> _Activity_
Starting at the line holding "8. Wooridul Spine" and finishing at the line holding "5acc570a06842 2019 lexus", transcribe the material exactly, keeping both ends but no pictures.

> _Data section_
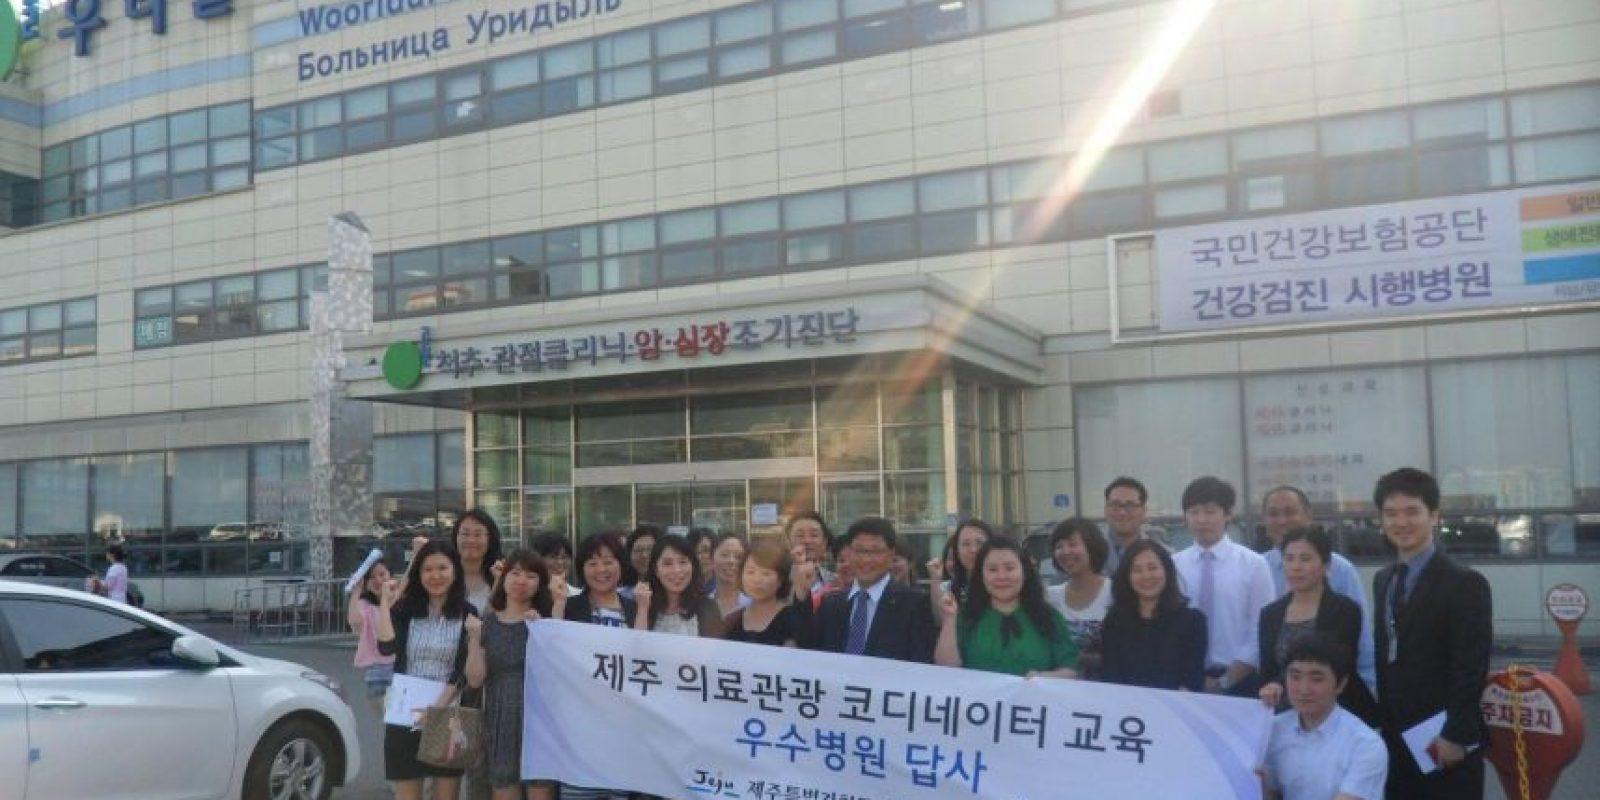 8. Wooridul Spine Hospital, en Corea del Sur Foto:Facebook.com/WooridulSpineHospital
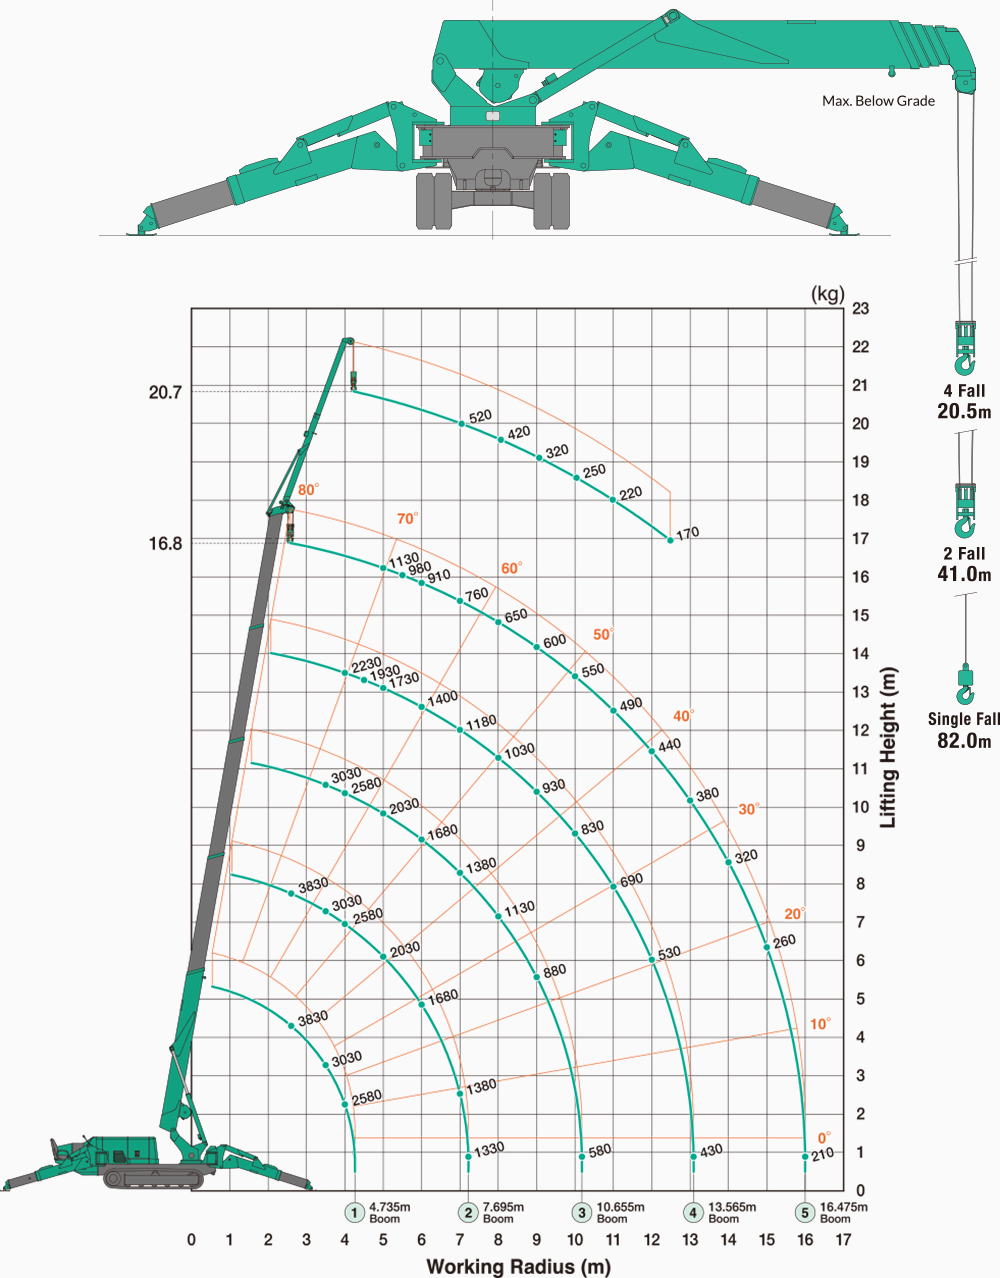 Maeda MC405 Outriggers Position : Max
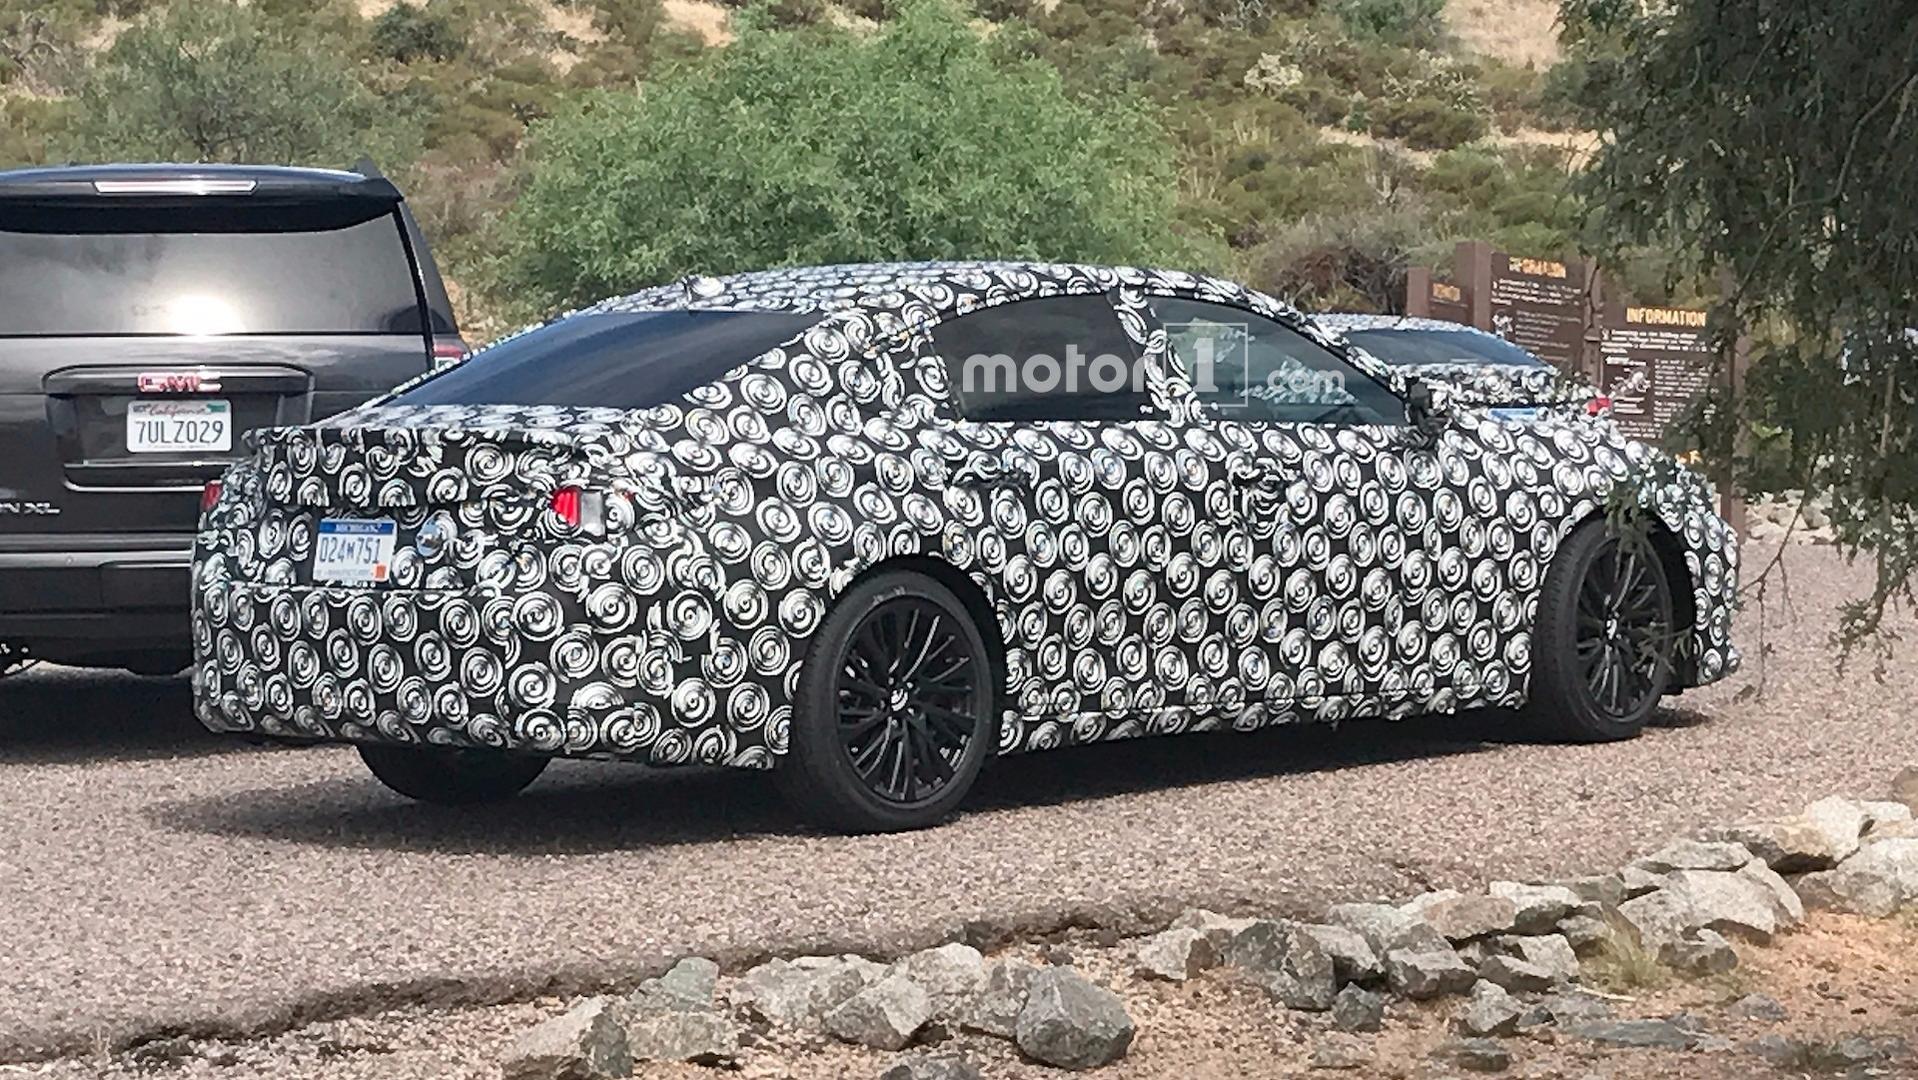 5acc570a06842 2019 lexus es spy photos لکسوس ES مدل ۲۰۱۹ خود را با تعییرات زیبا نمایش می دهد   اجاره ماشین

---

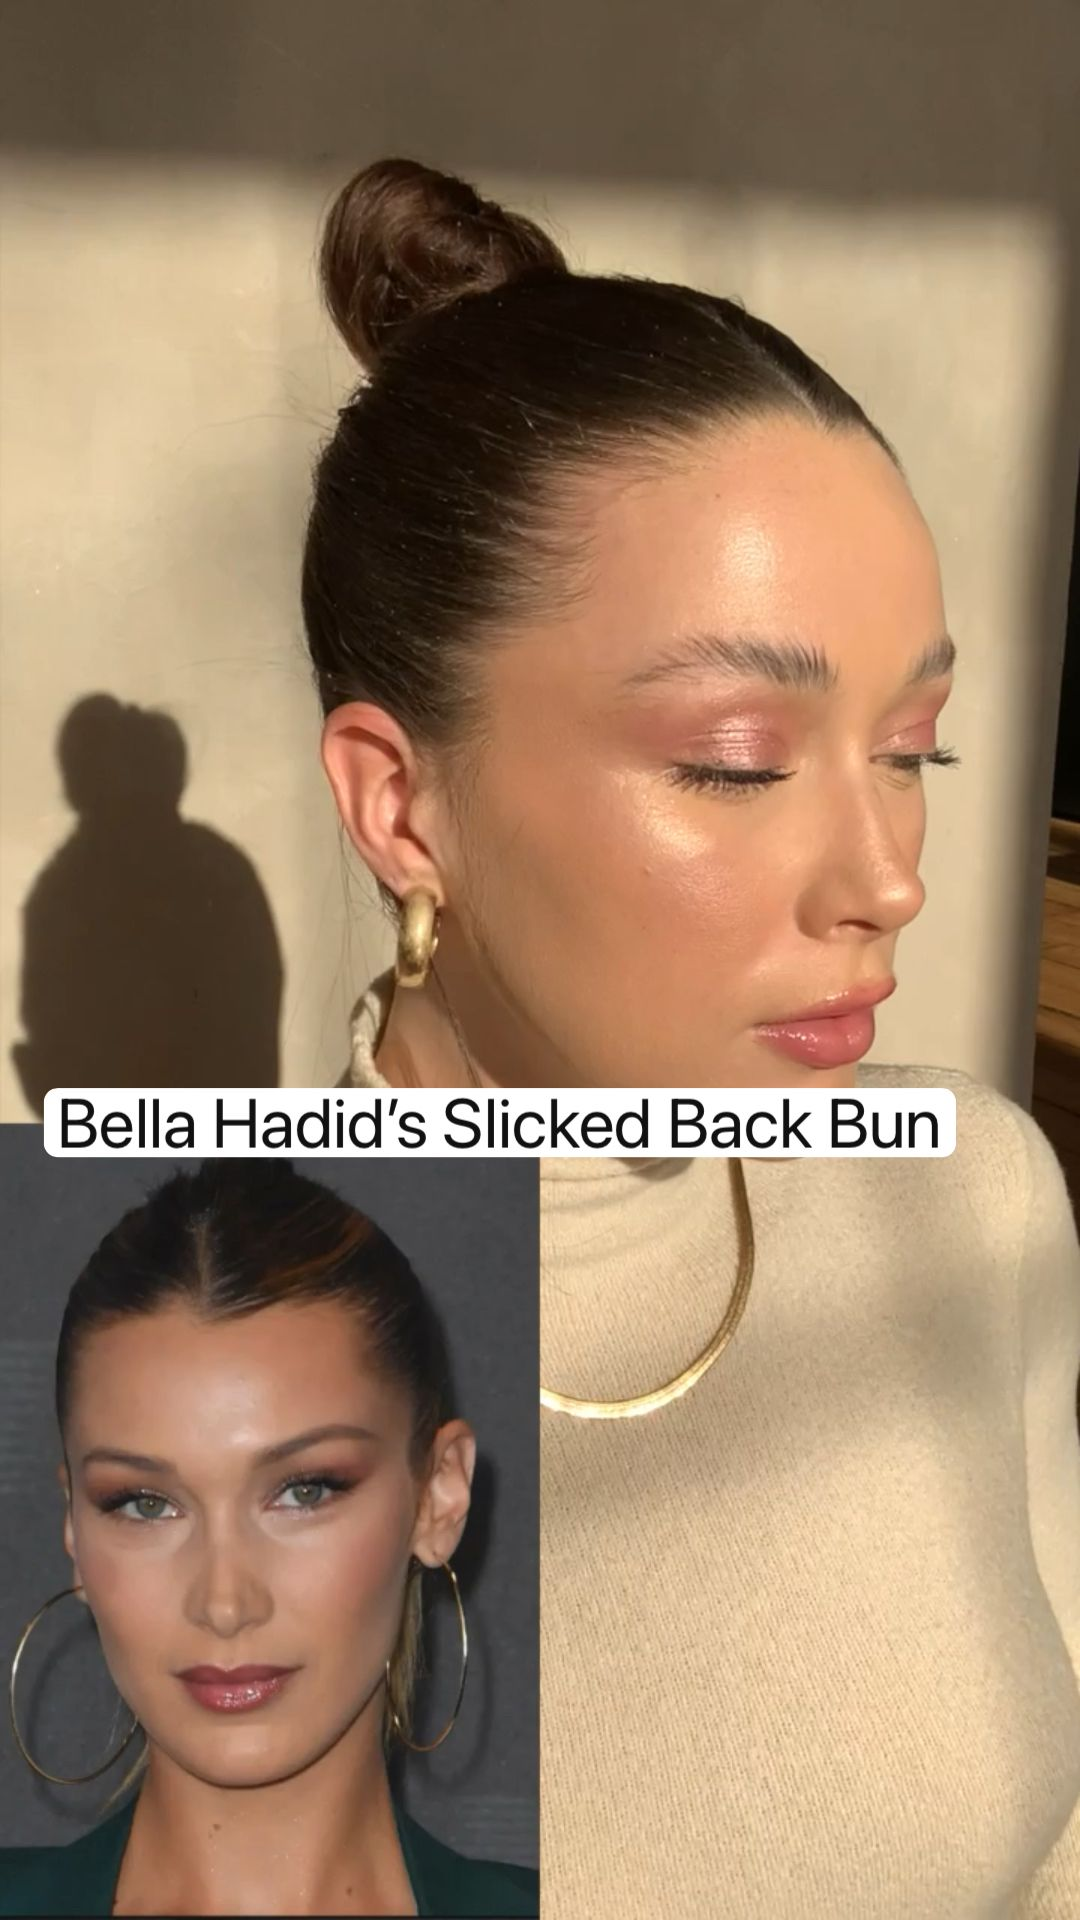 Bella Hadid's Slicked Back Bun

> _Your solution_
 8. Wooridul Spine Hospital, en Corea del Sur Foto:Facebook.com/WooridulSpineHospital
 Maeda MC405 Outriggers Position : Max
 5acc570a06842 2019 lexus es spy photos لکسوس ES مدل ۲۰۱۹ خود را با تعییرات زیبا نمایش می دهد   اجاره ماشین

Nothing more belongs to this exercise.